Fußball International
Türkische Medien wettern gegen Fifa-Urteil

Türkische Medien haben auf das Urteil des Weltverbandes Fifa mit drastischen Vergleichen reagiert. "Die Fifa hat die Türkei gekreuzigt", schrieb beispielsweise die Sportzeitung Türkspor.

Das Urteil des Weltverbandes Fifa hat die Diskussionen um das Skandalspiel in der WM-Qualifikation zwischen der Türkei und der Schweiz neu entfacht. Die Medien in der Türkei reagierten mit teils drastischen Vergleichen. "Die Fifa hat die Türkei gekreuzigt", schrieb die Sportzeitung Türkspor. "Sepp Blatter hat den Abzug gedrückt", befand Aksam. Zudem wird das Urteil als Versuch gewertet, die Türkei von der EM 2008 in Österreich und der Schweiz auszuschließen. Nicht nur deshalb kündigten der türkische Verband aber auch führende Politiker des Landes an, dass man gegen dieses Urteil Protest einlegen werde.

In den Medien wurde ohnenhin kein gutes Haar an der Fifa gelassen. "Dieses Urteil kommt einem Ausschluss gleich", zürnte Sabah, "die Fifa will uns nicht in der Schweiz haben." Das Blatt druckte zudem die Telefon- und Faxnummern der Fifa ab und rief die Leser auf, Protestbriefe an den schweizerischen Präsidenten des Weltverbandes zu schicken.

"Die Fifa hat das Maßübertroffen"

Der Star ergänzte: "Die Fifa hat das Maßübertroffen. Uns stehen die Nackenhaare hoch. So eine harte Strafe hat die Türkei nicht verdient." Ohne Grund seien auch die Zuschauer bestraft worden. "Die Gewissenlosen", titelte die Sportzeitung Fanatik. Auch die große seriöse Tageszeitung Hürriyet bezeichnete die Entscheidung als "herzloses Urteil. Ihr hättet uns auch gleich aufhängen können."
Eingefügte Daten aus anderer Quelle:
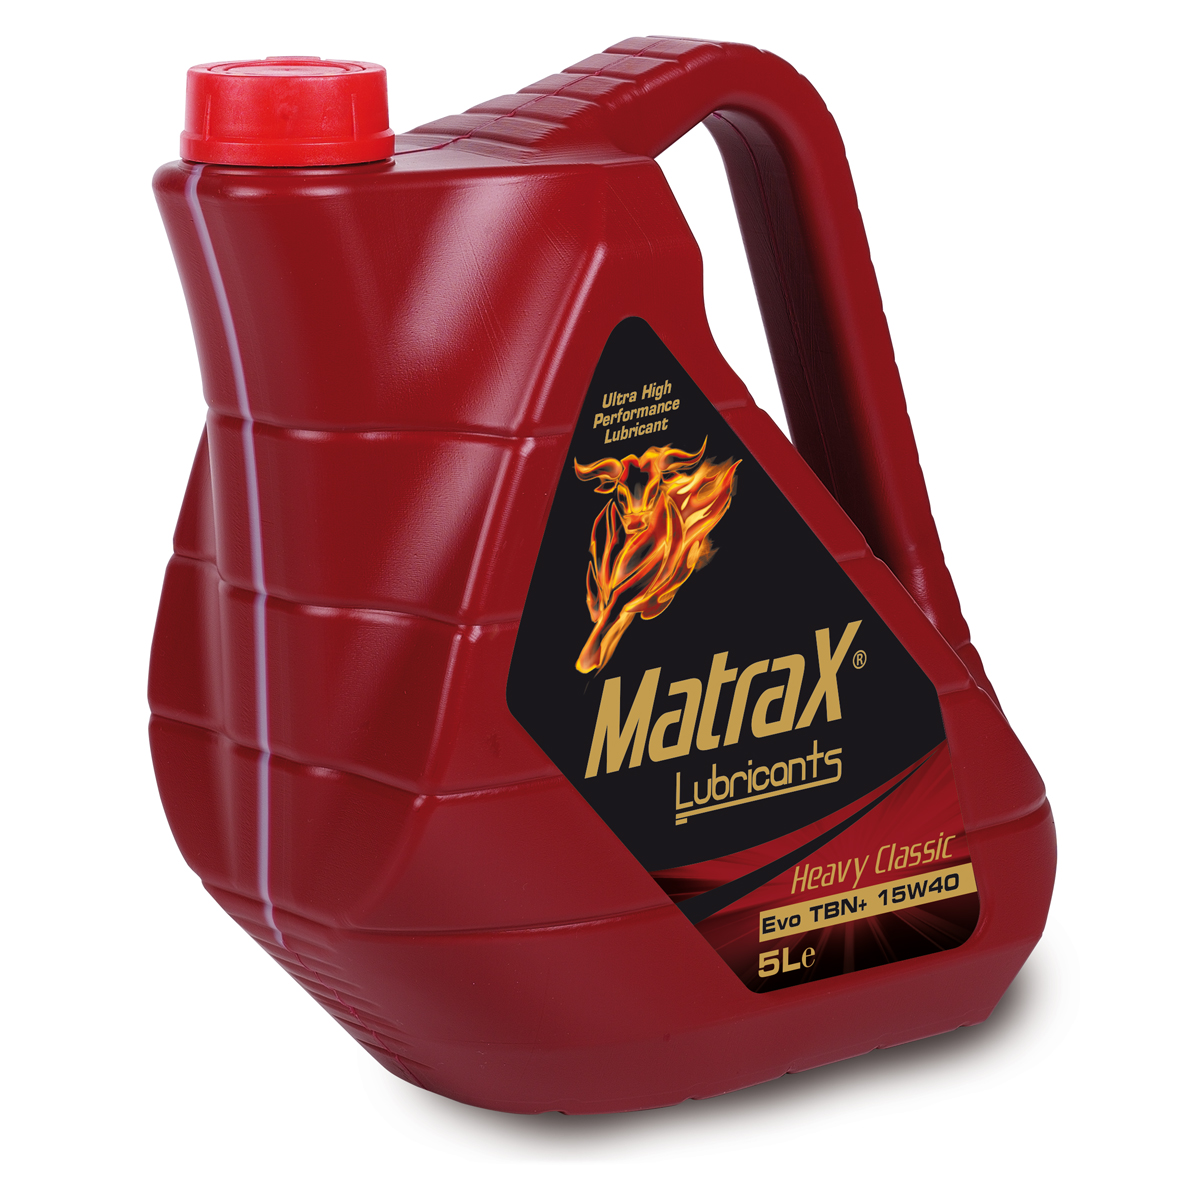 matrax-lubricants-heavy-classic-Evo-tbn-mas-15w40-5l

Der Disziplinarausschuss der Fifa hatte nach seiner zweitägigen Sitzung am Dienstag in Zürich entschieden, dass die Türkei die kommenden sechs Heimspiele in der EM-Qualifikation auf neutralem Boden und mindestens 500 Kilometer von der türkischen Grenze entfernt sowie unter Ausschluss der Fans bestreiten muss. Zudem wurde gegen den Verband eine Geldstrafe in Höhe von umgerechnet rund 130 000 Euro verhängt. In der umstrittenen Partie am 16. November 2005 in Istanbul war es zu heftigen Handgreiflichkeiten zwischen Spielern und Betreuern beider Mannschaften gekommen.

Türkei kündigt Revision an

Haluk Ulusoy, Präsident des türkischen Fußball-Verbandes kündigte derweil an, in Revision gehen zu wollen. "Das Urteil hat uns schockiert. Wir werden Einspruch einlegen und durch alle Instanzen gehen", sagte Ulusoy, der erst vor zwei Wochen an die Verbandsspitze gewählt worden war.

Sportminister Mehmet Ali Sahin räumte zwar ein, dass es richtig sei, die Türkei wegen der Vorkommnisse zu bestrafen, "aber das ist zu hart. Dieses Urteil ist politisch - und wir werden es so nicht annehmen. Die türkische Regierung und der Fußball-Verband werden alles dafür tun, dass dieses Urteil rückgängig gemacht wird", sagte Sahin.

Deutlich gemäßigter reagierte der in Diensten des Bundesligisten 1. FC Kaiserslautern stehende türkische Nationalspieler Halil Altintop: "Es ist eine harte Strafe, aber wir müssen damit leben." Es sei bitter, sechs Heimspiele ohne Zuschauer spielen zu müssen, erklärte er und fügte hinzu: "Das, was hinterher daraus gemacht wurde, war allerdings ein bisschen übertrieben, denn schließlich gehören da immer zwei dazu. Wir müssen jetzt mit guten Ergebnissen wieder für positive Schlagzeilen sorgen."